Wednesday, February 9, 2011

Philosophy of Friendship

(Facebook Friends v.s a Friend. Have we diluted our meaningful relationships to a jumble of weak electronically connected links?)

I thought it was time to discuss and contemplate on what exactly makes someone your friend and how we distinguish a friend from any other normal person.

One of the main reasons and inspirations for this discussion was simply because I thought people were using the term friend too loosely.
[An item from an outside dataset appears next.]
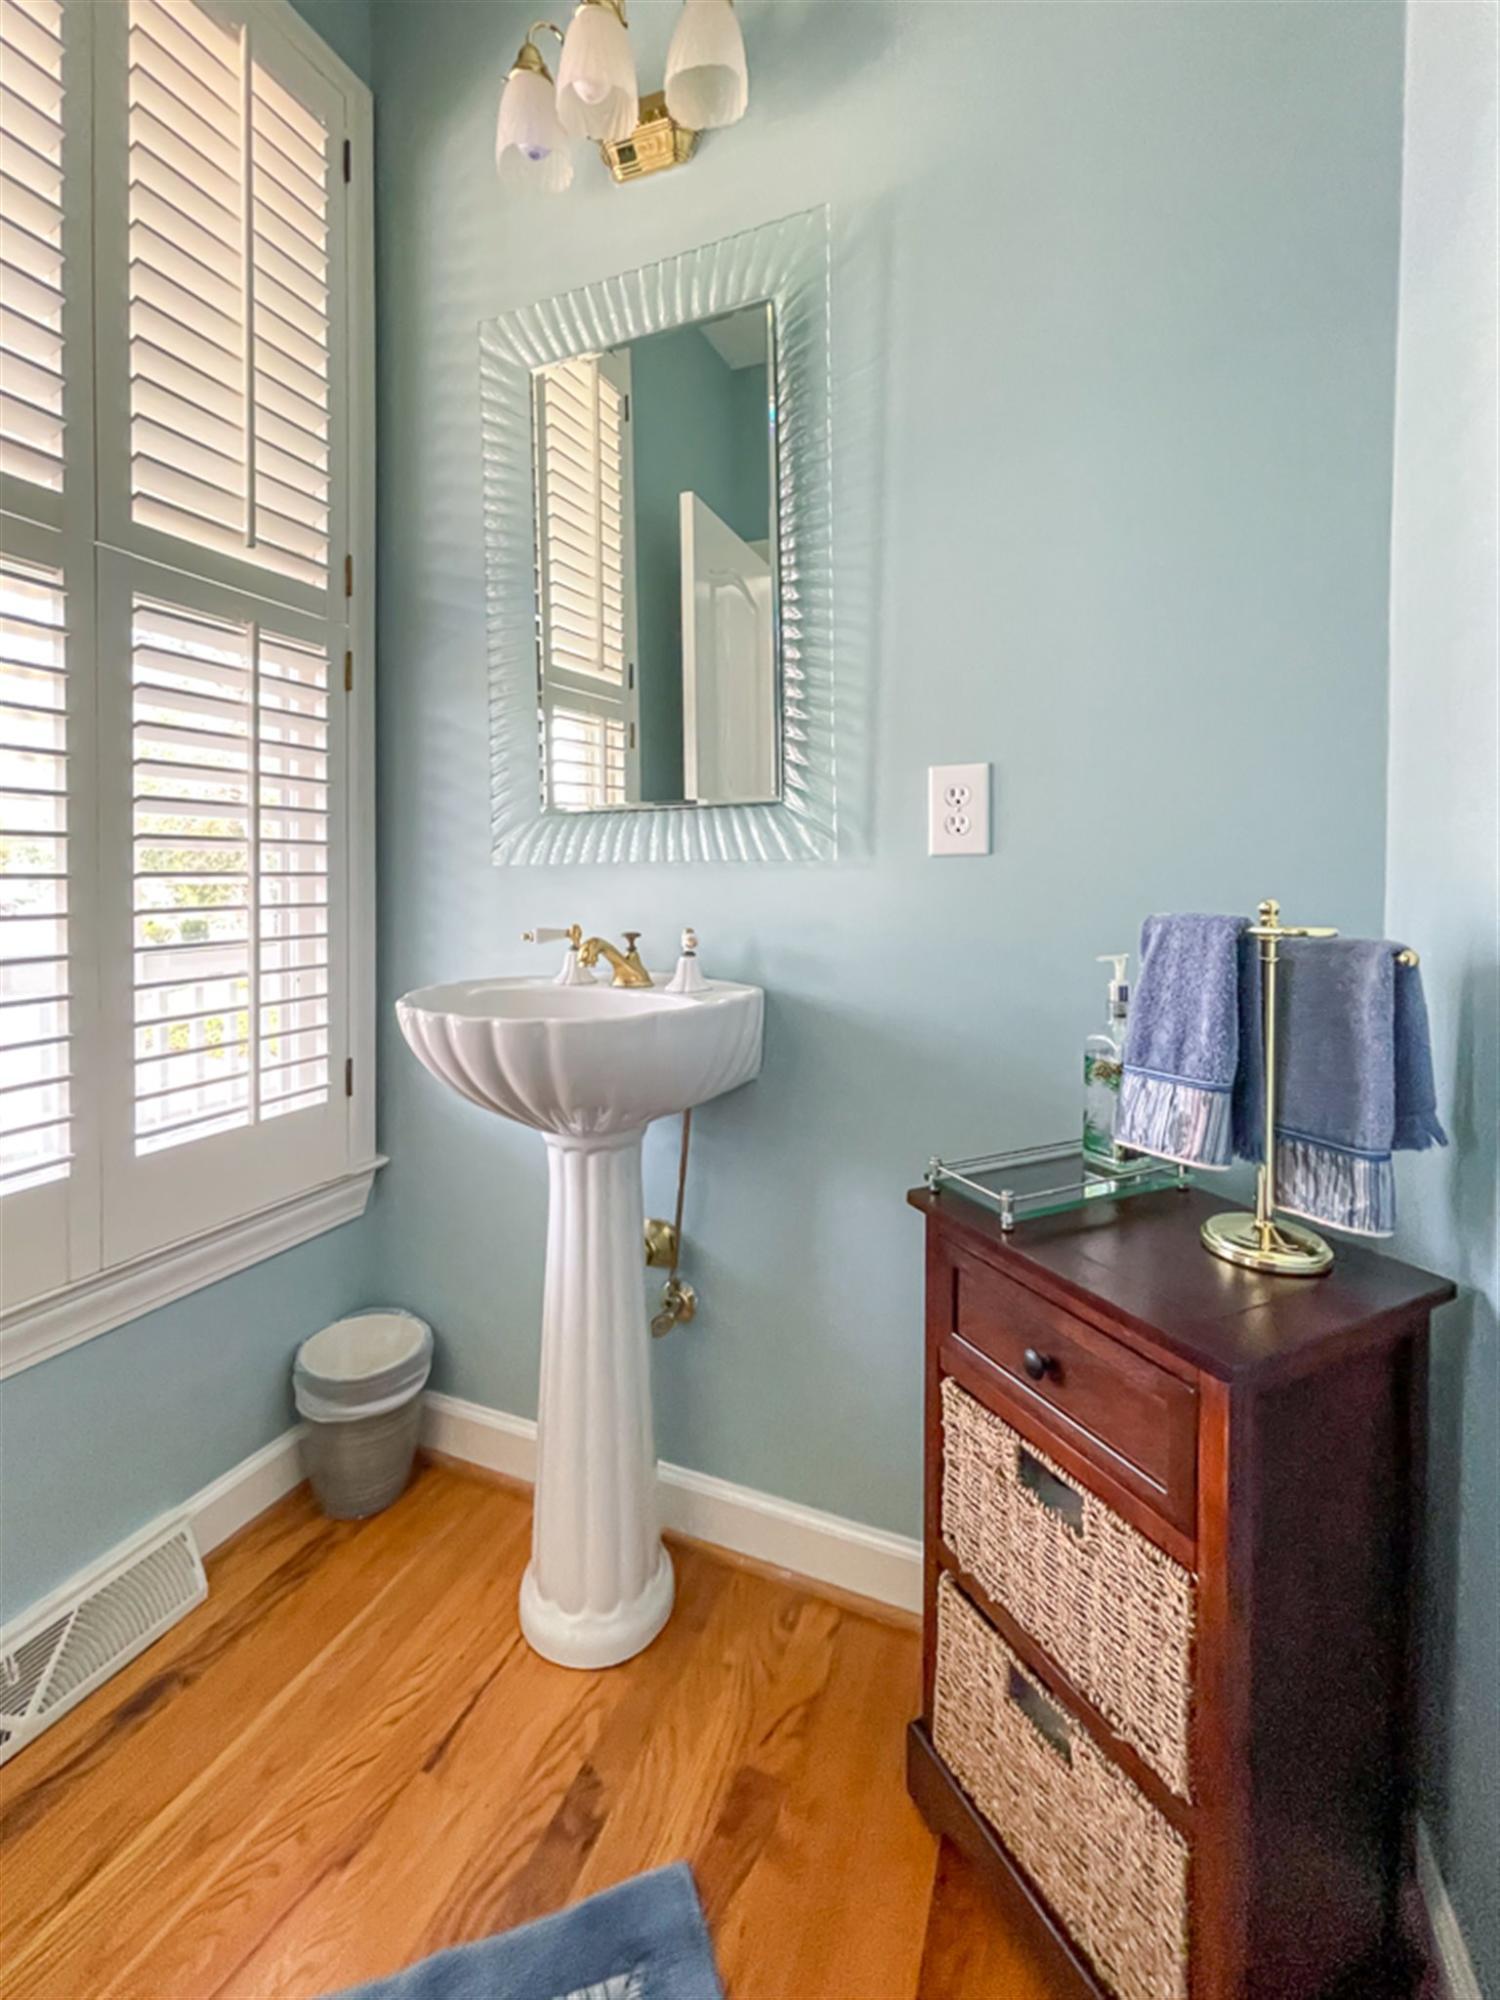 Indigo Point Homes For Sale - 50 Indigo Point, Charleston, SC - 7
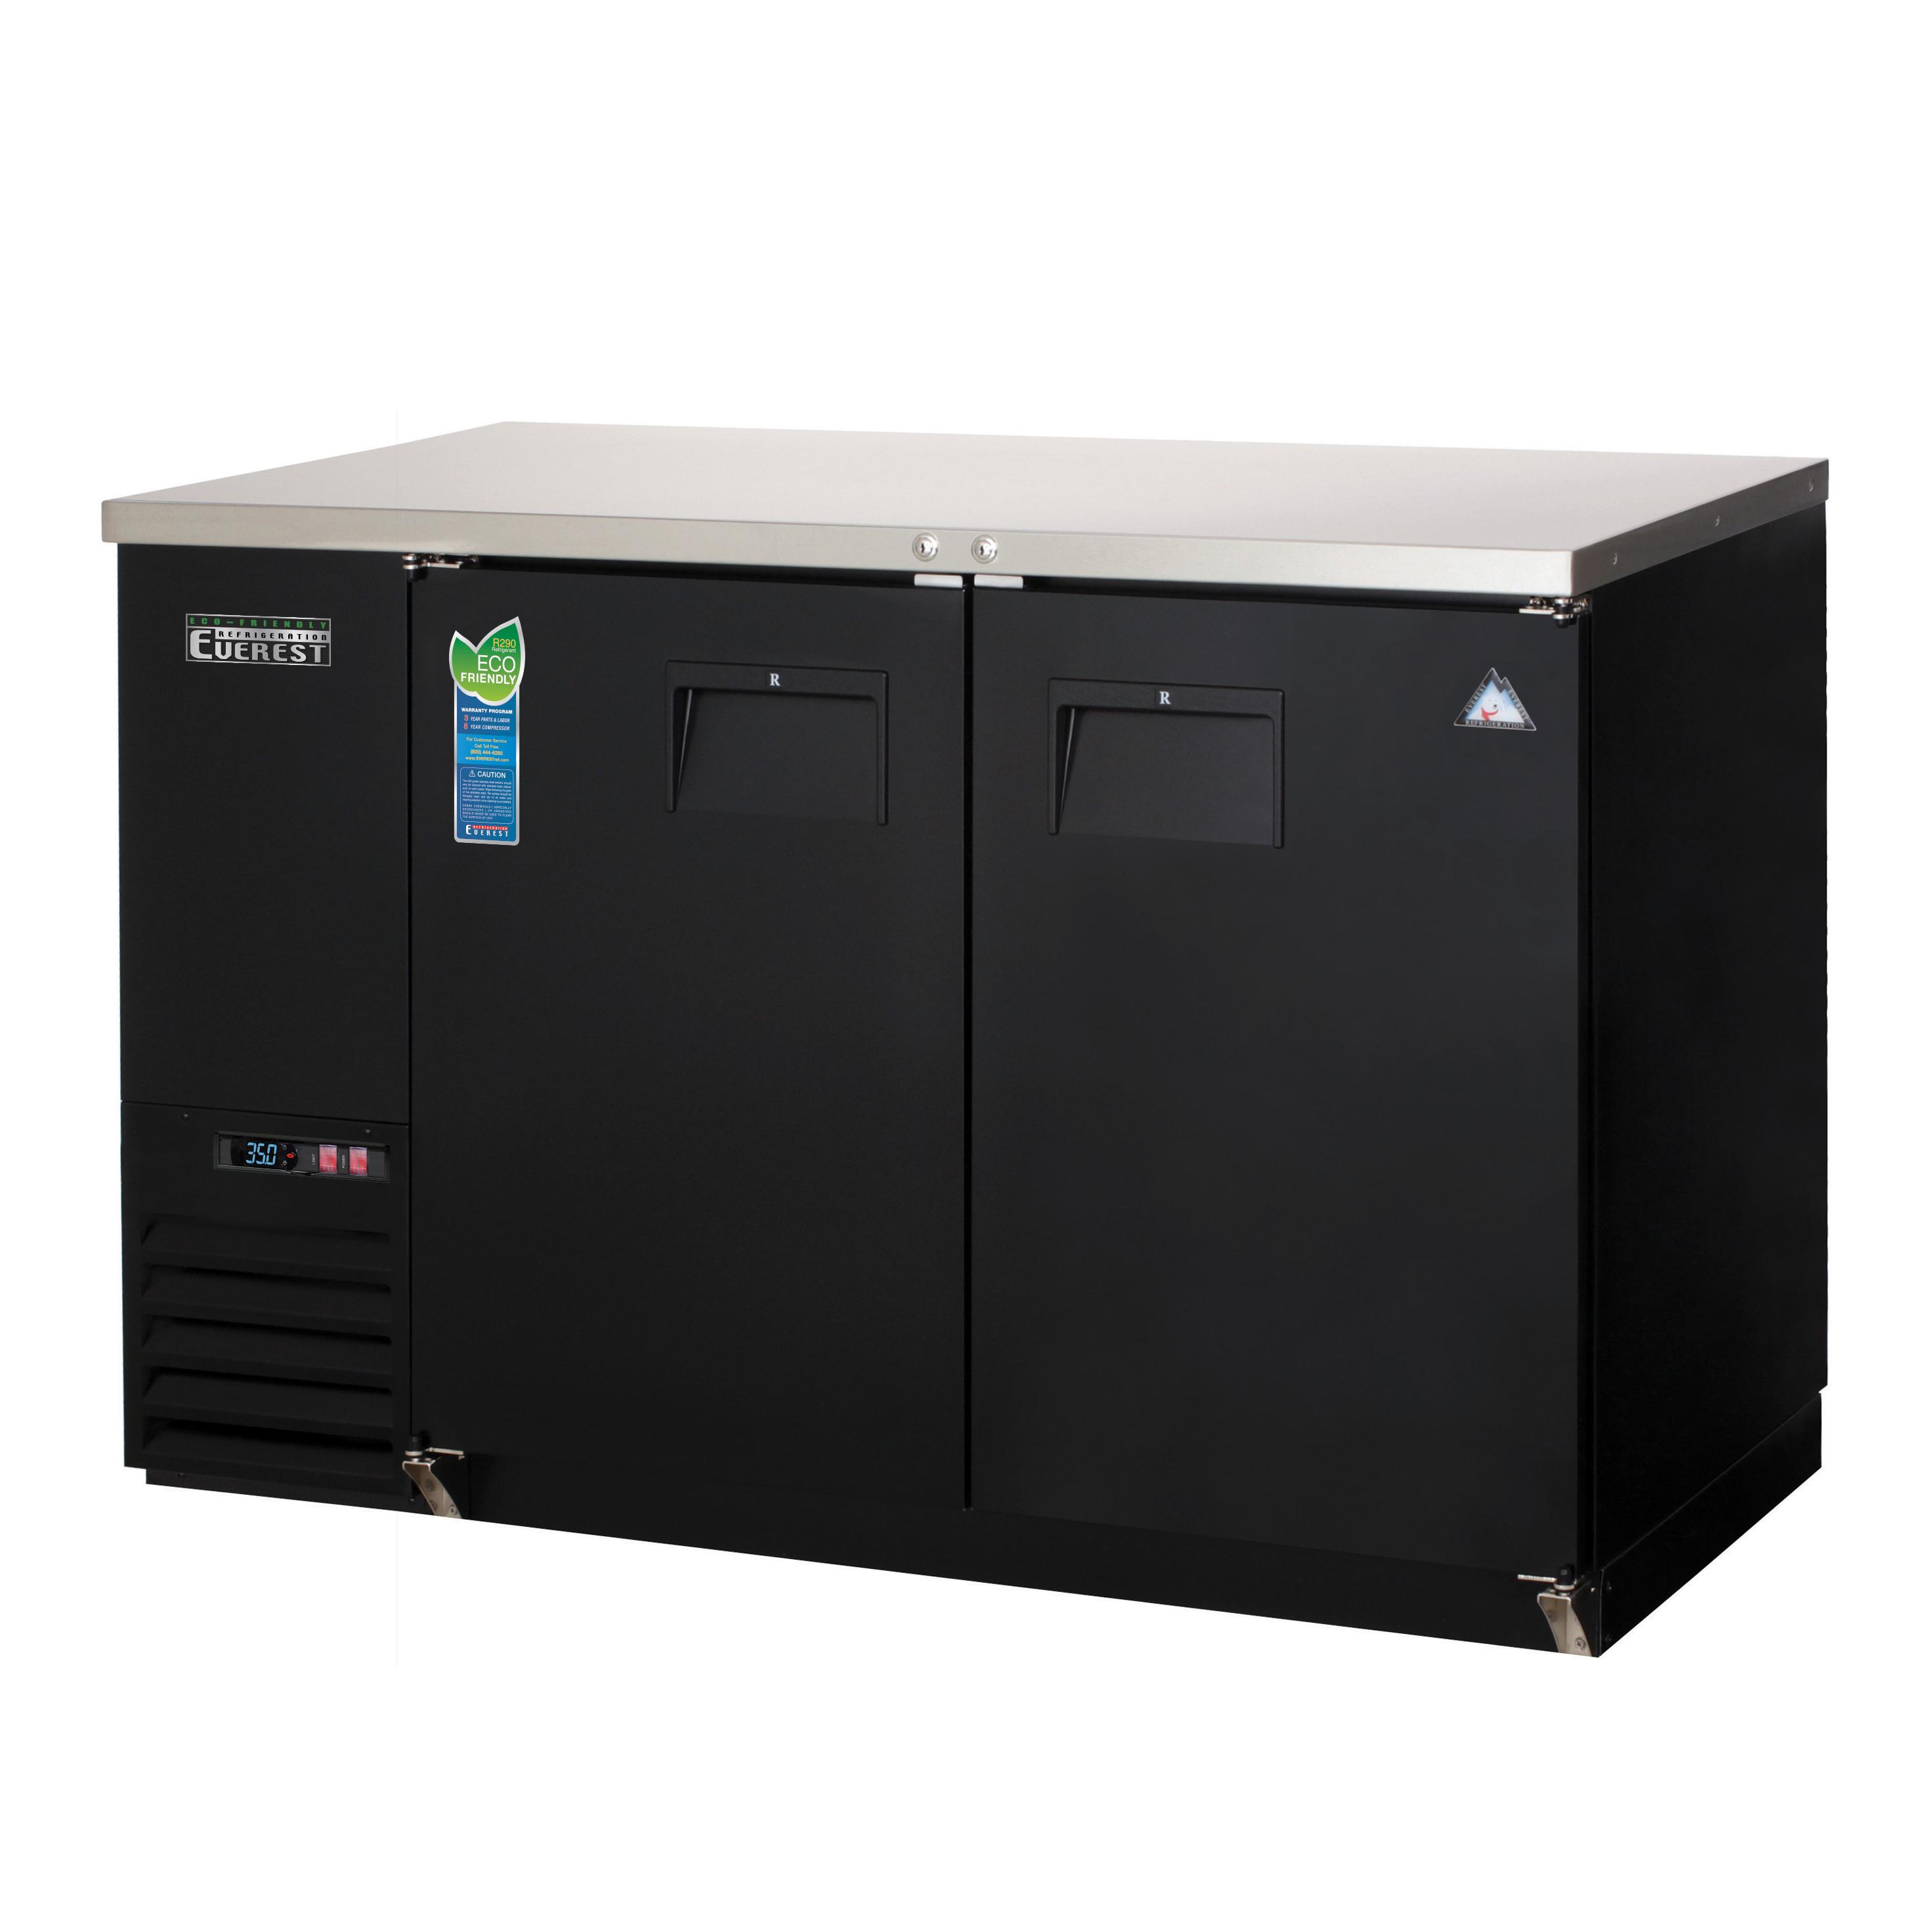 Everest Refrigeration EBB48-24 back bar cabinet, refrigerated

I'm sure there are a number of people you think of as your friend now and to try and get you to reassess your definition I'm going to ask one simple question.

Simply:

"Do we have any responsibilities to our friends, any tasks which we should complete because of them, or any standards with which we have to meet for them?"

For instance:

  • 1) If a person is your friend do you have a responsibility to keep in touch with them, at least speaking for once a year, or is it o.k to still be friends after not haven spoken for more than a year? Would not speaking to them after so long affect your friendship?
  • 2) To what extent should we worry and be involved in our friends lives in order to help them? Is it acceptable to never want to do so and still be considered a friend?
  • 3) Would a friend ever miss another friends birthday party/event? Are you still friends if you don't, at the very least, come to their birthday party?
  • 4) Do you trust your friend more than the average person? Would betraying a friends trust affect their friendship with you?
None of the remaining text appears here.